Jeanne Penvenne said that Gige was her cousin. Her father died when she was young and Gige stepped in and was like a father to her and to her siblings.
Mike Roche, Vice Chairman of the F&W Board spoke. He said that when he was six and wanted to go bird hunting with Gige and his father after school, Gige would have to carry him out of the woods on his shoulders, where he would fall asleep and his head would slump down and bang against Gige's.
Tom Romeo said that Gige knew his grandfather and father, and was a lifelong friend of the Romeo family. "As a child, I had reading difficulties," he said. "Gige started a summer speed reading program in town and told me to come, at no charge." Gige, he said, was his mentor and he would have never become what he is now without his influence.
Narain Schroeder, of the Berkshire Natural Resources Council, first met Gige at a restaurant in Lee called Salmon Run. He had already heard about Gige, and worried what he was getting himself into, but they hit it off immediately with their shared interest in the outdoors. Gige was a mentor to him in land conservation, and created the important link to the sportsmen's community for BNRC.
Steve Sears, who replaced Gige on the F&W board when he retired, was a former student of Gige's at Wahconah High School and had been his mentor. Gige talked him into coaching cross-country skiing at Wahconah.
Matt Tannenbaum, proprietor of The Book Store, said that Gige was one of the first people to greet him when he opened his bookstore in Lenox, and then he began to stop by to tell him stories about Lenox and about his own life.
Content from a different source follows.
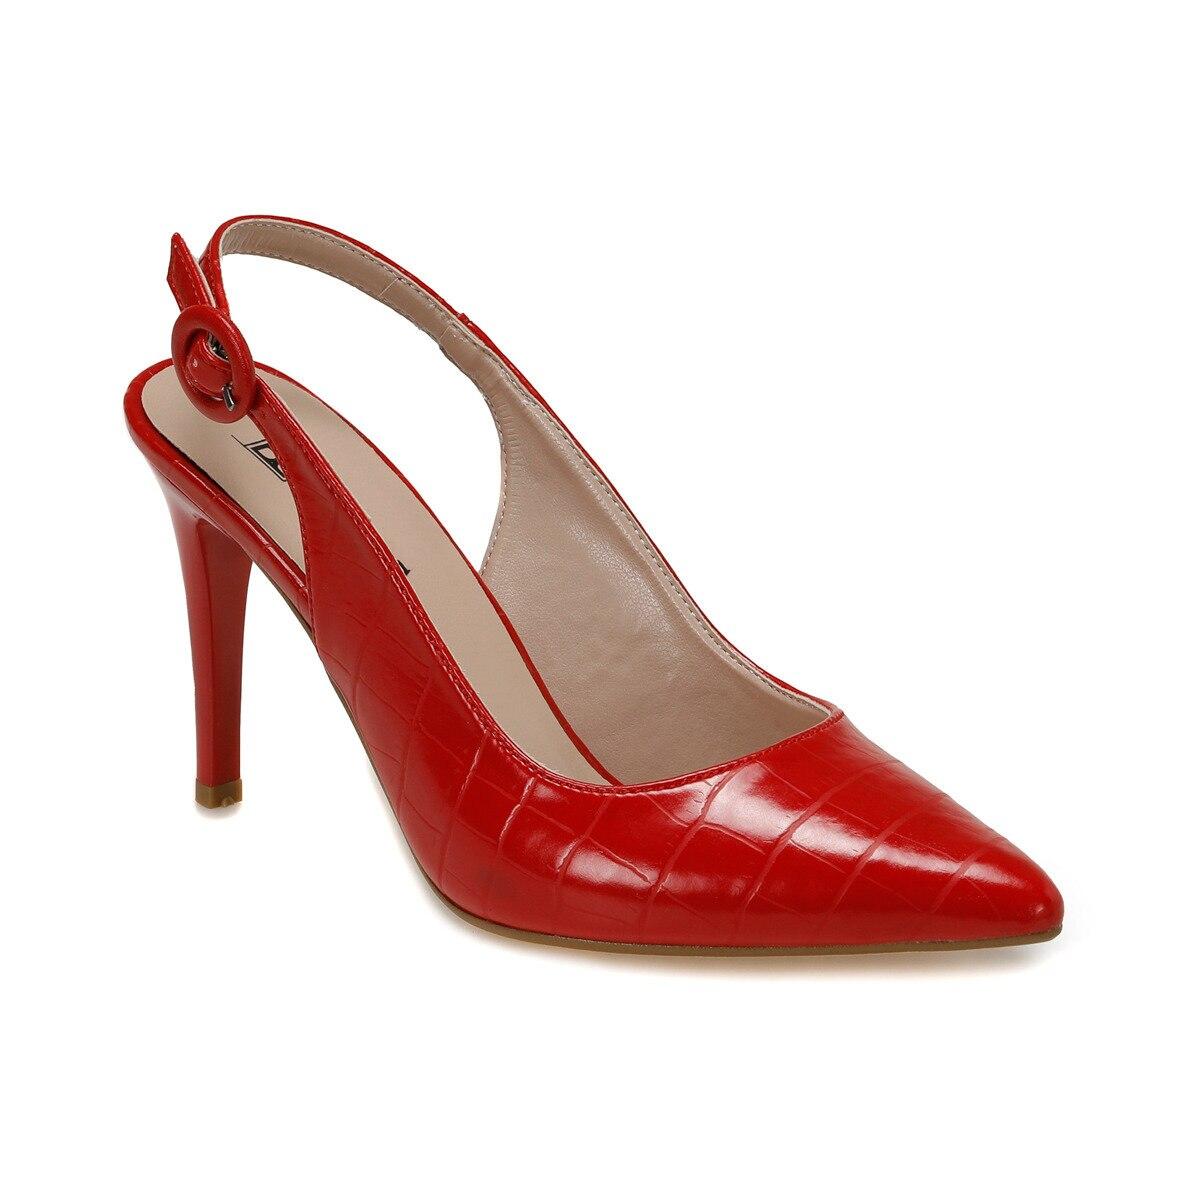 FLO FİNN Red Women 'S Heels Shoes BUTIGO

Dr. Terry Weaver said that Gige was instrumental in the development of his children, particularly Patrick, who became an Olympic skier. Patrick would never have done that or become the successful college coach he is now without Gige. Gige was his mentor. Gige was also a great influence on his children too.
My wife Jan spoke of the fond memory of Gige when he took her and several Lenox Historic Society members to the top of Baldhead Mountain looking for Mountain School and old cellar holes. They fanned out about 10 feet apart and started walking. When a cellar hole was found they would let the others know. At least five cellar holes were found that day. Gige really knew that mountain.
George Wislocki, retired BNRC President, said that they worked together on land conservation very successfully for years. "Gige is a memory now, not here", he said, "but if you go out on the land or in the forest, he is there."
There were many others there who chose not to speak representing the Berkshire County League of Sportsmen, BNRC, Mass Audubon, Green Berkshires, Housatonic Valley Association and others.
Gige was a Korean War veteran, and this was a military funeral. Two active members of the U.S. Army folded the flag and played taps. He was member of the Lenox VFW Post 12079. I was honored to be part of the VFW Color Guard, along with comrades Post Commander Mike King, Lew Fortune, Tom Roche and Charles Thompson, all friends of Gige. When the three rifle volleys rang out, I couldn't help but smile, thinking that old Gige is truly going out with a bang.
It was a beautiful gravesite ceremony and following that, some met at the Olde Heritage Tavern for food and refreshments.
On Wednesday from 4-7 p.m., you are invited to join the HVA for a Beginner's Paddle on a stretch of the river in Lenox. This is your chance to learn how to safely enter and exit a canoe, learn the basic strokes and steer and paddle safely. It will be led by HVA volunteer Charles Murray, an experienced canoeist and ACA certified instructor. This paddle is suitable for families with children 10 and up. A rain date is scheduled June 26. Canoes provided or register to bring your own boat.
For more information, contact the HVA at 413-298-7024.
Landlocked Salmon Stocking
Recently, MassWildlife completed stocking the Quabbin Reservoir with its annual allotment of 10,000 landlocked salmon raised at our Palmer Fish Hatchery. It will take about three years for these fish to reach the 15-inch minimum size requirement for harvest.